Do your due diligence
Clearly, you wouldn’t buy a house or a car or make any other major purchase without kicking the tires first so don’t do this with a practice purchase, no matter how much you like the acquiree.  It’s just business.  Some experts will tell you that you need a forensic accountant, contract lawyer, purchase consultant, tax accountant and brokerage attorney to review everything before making a deal.  And that may be exactly what you need, but consider the cost of these things versus what you are purchasing.  If you are purchasing a tiny, 50 patient office for under $100,000, there is probably a different risk profile than the purchase of a 10 office operations for $3.5 million.  As with everything, do what makes you comfortable.  And as always, we’re here to talk about it with you if you want to consider your options before jumping in with any advisor.

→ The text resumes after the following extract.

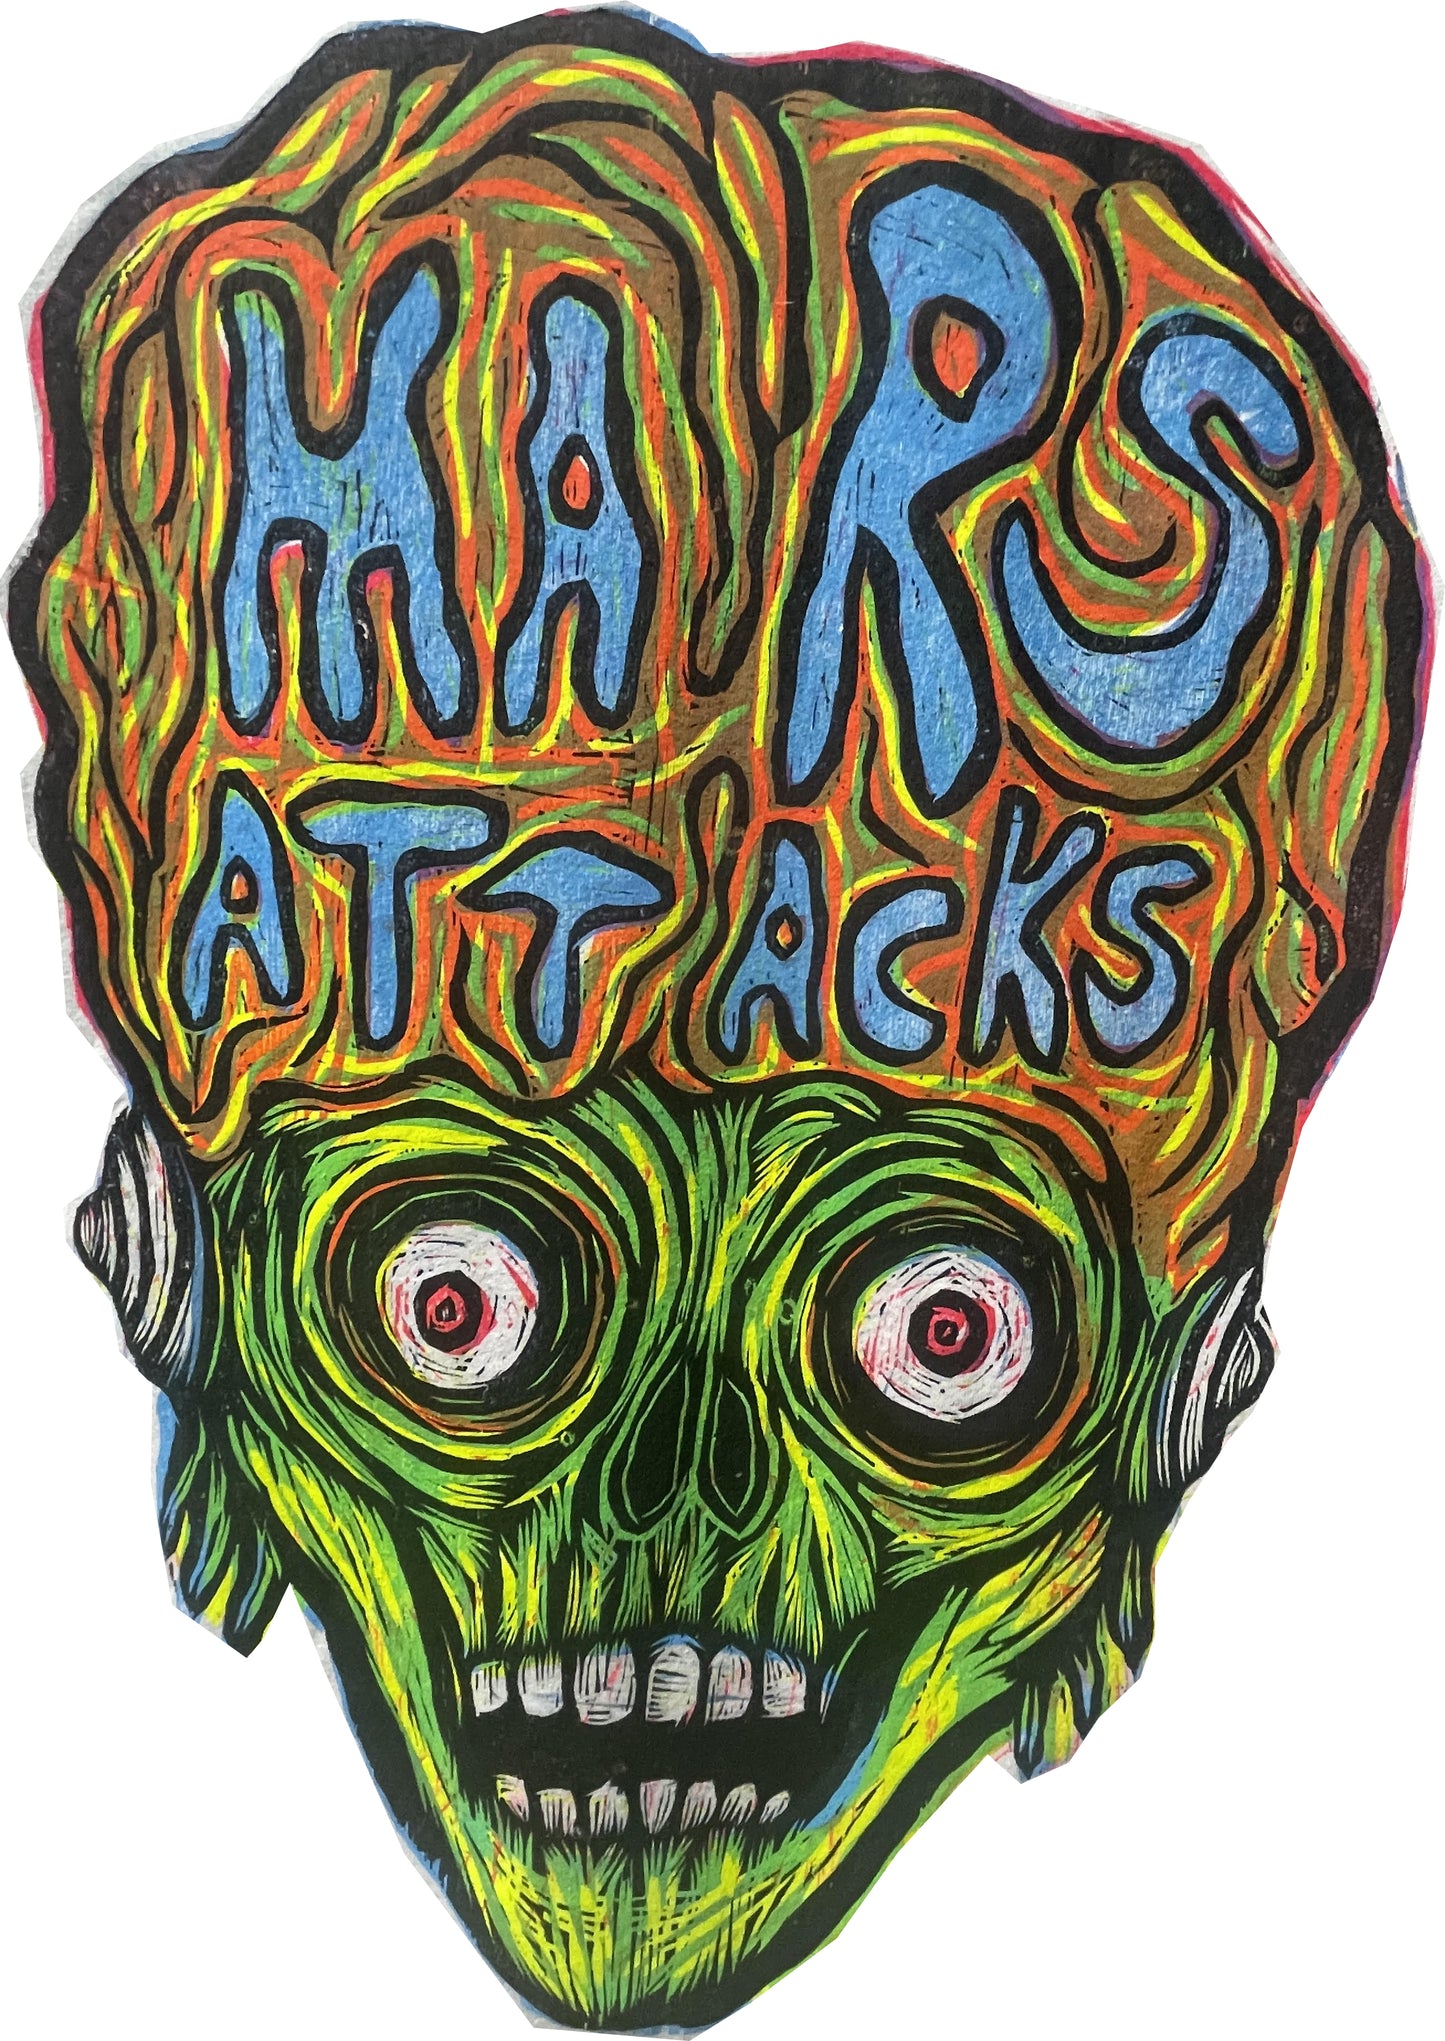 Space Dust Mars Attacks (Big Head) Woodcut Handprinted Color T-Shirt

Whatever you decide to do, on top of all the UCC searches, equipment inspections and other steps you take, please take the time to look at some individual patient cases to make sure that you are not running into any surprises.  Here’s a very common scenario: a practice deal gets done.  The new owner walks in, sees patients for a day and declares that treatment has been done improperly for all of the existing patients and that all of them are going to require an additional 12 months of treatment to straighten things out.  Threats of lawsuits, patient financial arrangements are reconsidered and everything becomes an absolute mess.  Happens all the time with professionals.  A new one comes in and declares that the old one did everything completely wrong.  Maybe the previous one did screw up or maybe there were just different methodologies.  In any event, if you see treatment with which you just cannot work, walk away and look for another deal.  But make that decision before you spend a bunch of money on a deal.

Consider the tax implications
A good tax advisor can help you structure a purchase in a number of tax advantaged ways.  Stock-for-stock exchanges, improved writeoffs, etc.  I’m not a tax guy and didn’t stay at a Holiday Inn Express last night, but I have seen enough of these deals to know that purchases are heavily taxed or fall apart as the result of tax advice that isn’t thought through.  Tax benefits can be had on the selling side as well if both parties are willing to work together.  Make sure this piece is considered before you get a nasty surprise at tax time or walk away from a lucrative deal because no one could get comfortable with the tax side.